Our template looks like this:


html (lang = "en")
head
title available offline
link (rel = "stylesheet" href = "/ css / app.css")

body
section.layout
header.layout__header
a.layout__header__logo (href = "/")

h1 You can read it offline

ul.articles-list
each page in pages
li.articles-list__item
a (href = page.url)
if page.thumb
img.avatar (src = page.thumb alt = "")
else
img.avatar (src = "/ img / default_thumb.png" alt = "")
span = page.title

In the service-barker, in the fetch event handler, select the request to /offline/ and return to the unsuspecting browser a freshly created page:


// service-worker.js

import {get} from 'idb-keyval';
const template = require ('offlinePage.pug');

// Process outgoing network requests
self.addEventListener ('fetch', event => {
const {request} = event;
const url = new URL (request.url);

if (url.origin! == self.location.origin) {
// Foreign domain, do not process this request
return fetch (request) .catch (err => console.log (err));
}

// Check if the page has been requested / offline /
const isOfflineListRequested = /^\/offline\//.test(url.pathname);

const response = isOfflineListRequested
// Our case!
// Create a custom response with a page
// list of materials available offline
? createOfflineListResponse ()

// Common query
: fetchWithOneOrAnotherCacheStrategy (event.request);

event.respondWith (response);
});

/ **
* Generates a response object with data about the pages,
* available offline
* @return {Promise <Response>}
* /
function createOfflineListResponse () {
// Get information about offline pages
return get ('cachedPages')
.then ((pagesList = {}) => {

// Send the list of available pages to the template
const html = template ({
pages: Object.values (pagesList)
});

// Create and return a response object
const blob = new Blob ([html], {
type: 'text / html; charset = utf-8 '
});
return new Response (blob, {
status: 200,
statusText: 'OK'
});
}). catch (err => console.error (err));
}

Result:

How To Create Caching Of Web Site Pages For Offline Access Photo 2

At last

In order not to inflate this manual, some topics had to be omitted. Nevertheless, they are extremely important. The most important thing is cleaning the cache. This should be done regularly and independently, otherwise, the place provided by the browser will end.
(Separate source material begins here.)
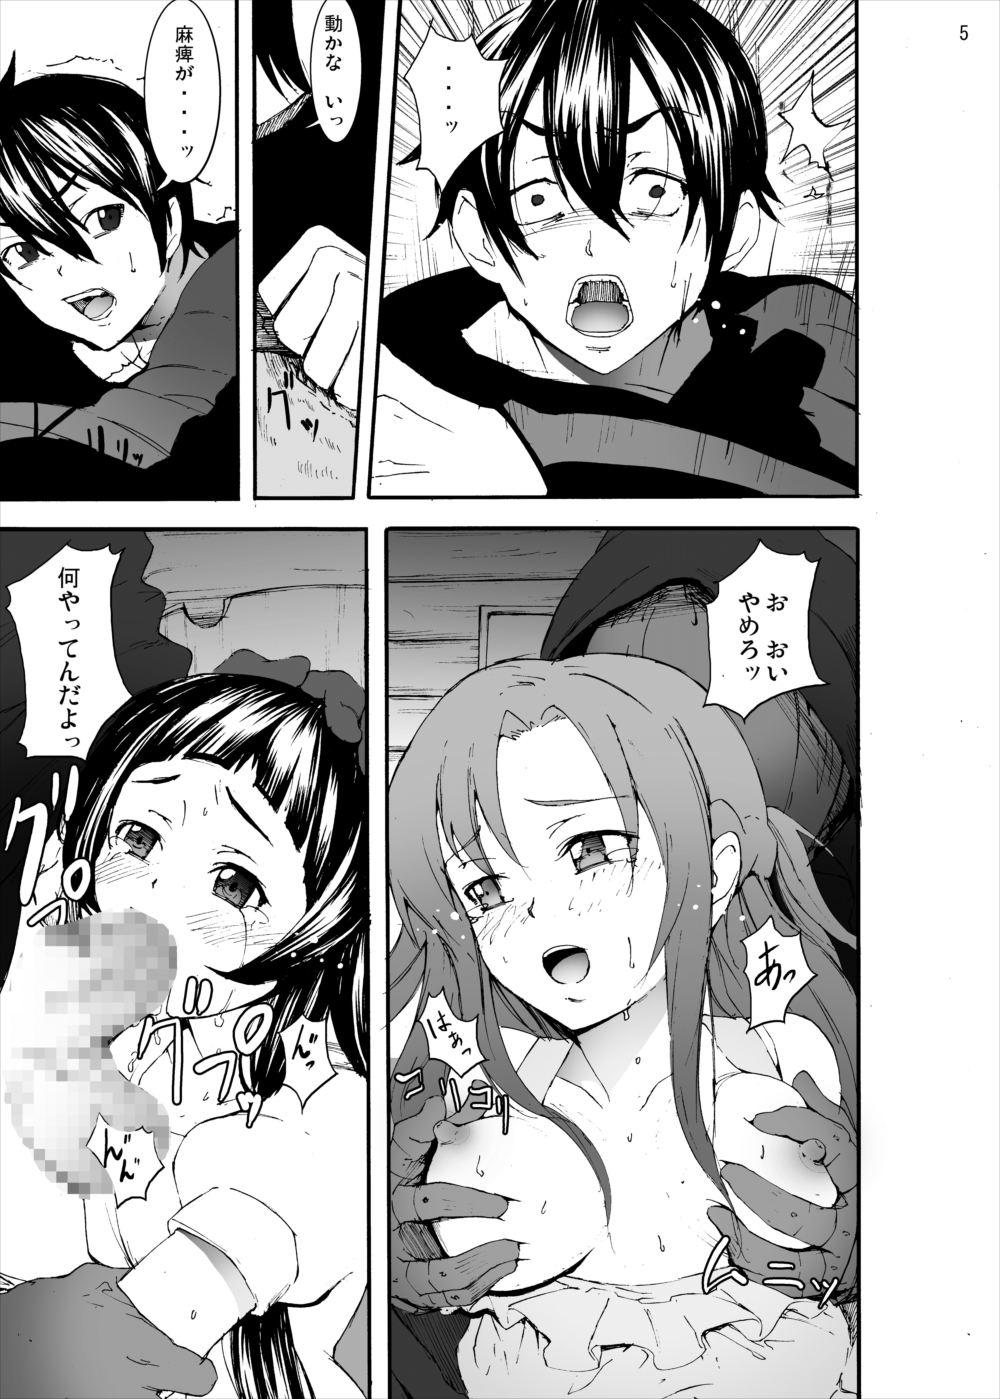  Asuna to Yui no Jigoku Rape... Ryoujoku Oyakodon Story - Sword art online Free Porn Hardcore - Page 4

  • It makes sense to keep resources in the cache that are required regularly: CSS, JS, images of interface elements. For the rest, one should come up with some kind of “rule of extinction”. For example, delete everything that was not requested for more than three (five, ten, year?) Days.

For the convenience of debugging, detailed journaling of each stage is useful. To do this, you can create your own utility log, which inside can turn on/off the flag from the environment, and output information through it. Unlike the pages, the service-worker continues to live between their reboots and closing, so we recommend that you enable the Preserve log checkbox in the Developer Tools console.